Pamela Knight, 59, was pronounced dead around 8:15 a.m. at Northwestern Memorial Hospital in Chicago, where she was admitted Feb. 4 for emergency surgery, her family said in a post on CaringBridge.org. The type of surgery was not specified.

At the time of her death, "she could move her left finger half an inch and her neck to the right a few inches. She couldn't talk, she couldn't walk, she couldn't eat or swallow," her daughter, Jennifer Hollenbeck, said in Facebook postings this afternoon.

In the 4 and a half months since the attack, Knight underwent five "major surgical procedures." She spent the first 2 months in a coma, and in the last few weeks was working therapists at the Rehabilitation Institute of Chicago, learning to communicate using eye movements and undergoing physical therapy to help her regain movement in her arms and legs.

In anticipation of a lifelong struggle with the disabilities the attack had caused, her husband, Don Knight, had spent in excess of $70,000 modifying their Dixon home.

Knight, a veteran Department of Children and Family Services worker, was taking a 2-year-old into protective custody when investigators say she was knocked to the ground and kicked in the head by Andrew Sucher, 25, of Rock Falls.

Sucher was indicted Dec. 7 on charges of attempted first-degree murder, which carries at least 6 to 30 years in prison, aggravated battery causing great bodily harm, and aggravated battery of a state employee, each of which carries 2 to 5 years in prison. He is being held at Stephenson County Jail on $275,000 bond.

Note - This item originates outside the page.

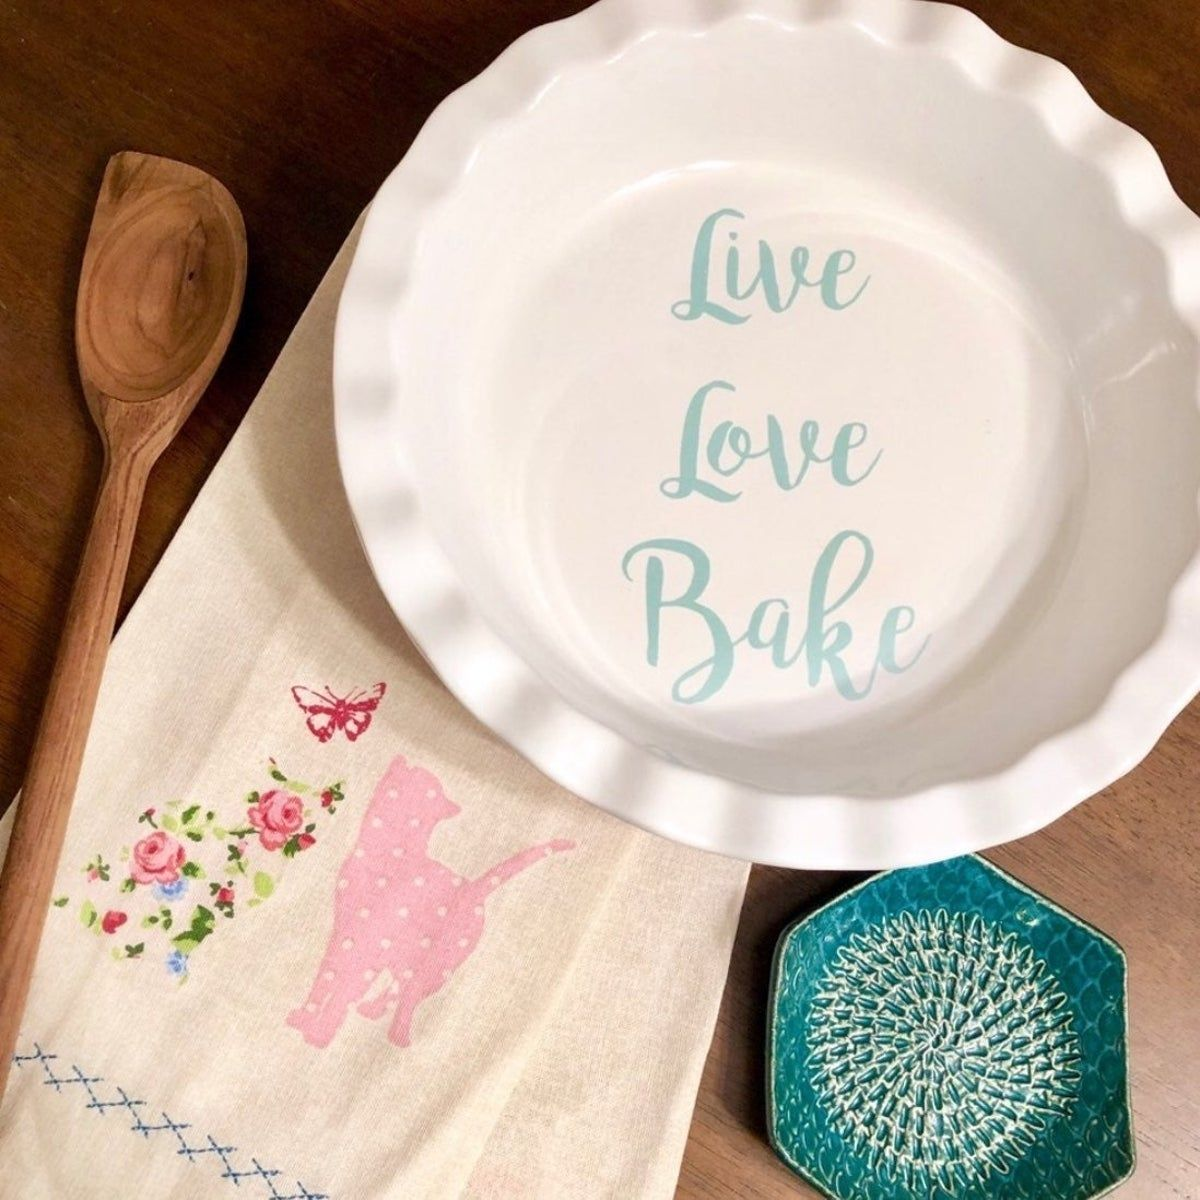 "Live Love Bake • Stone 9.5"" Pie Pan"

Carroll County State's Attorney Scott Brinkmeier could not be reached Thursday or today for comment on whether or when those charges would be increased.

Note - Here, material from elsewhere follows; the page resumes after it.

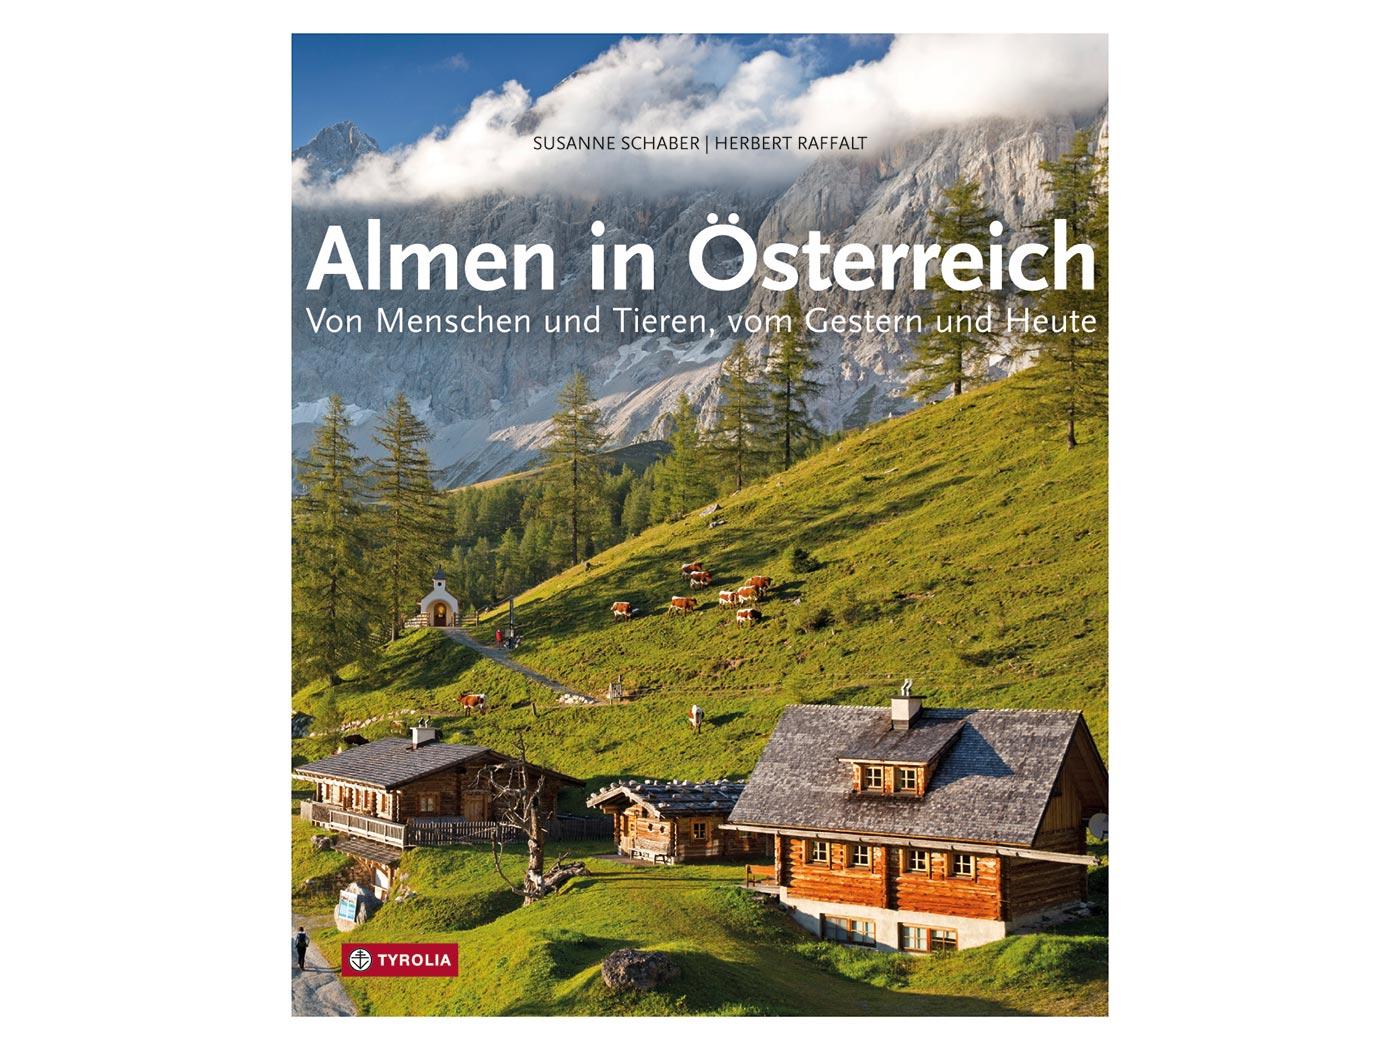 almen-in-oesterreich

The 6-foot-4, 270-pound Sucher is accused fracturing Knights' skull, causing permanent brain damage that also led to her extensive physical disabilities.

Knight had gone to Sucher's home first, with a police escort, to take the child into custody, and when no one was there, she went to his parents' home in Milledgeville, which is in another police jurisdiction. She did not ask for assistance from village police.

She was attacked shortly after she got out of her car around 5:45 p.m. Sucher's mother called 911 and another relative threw himself over Knight to protect her.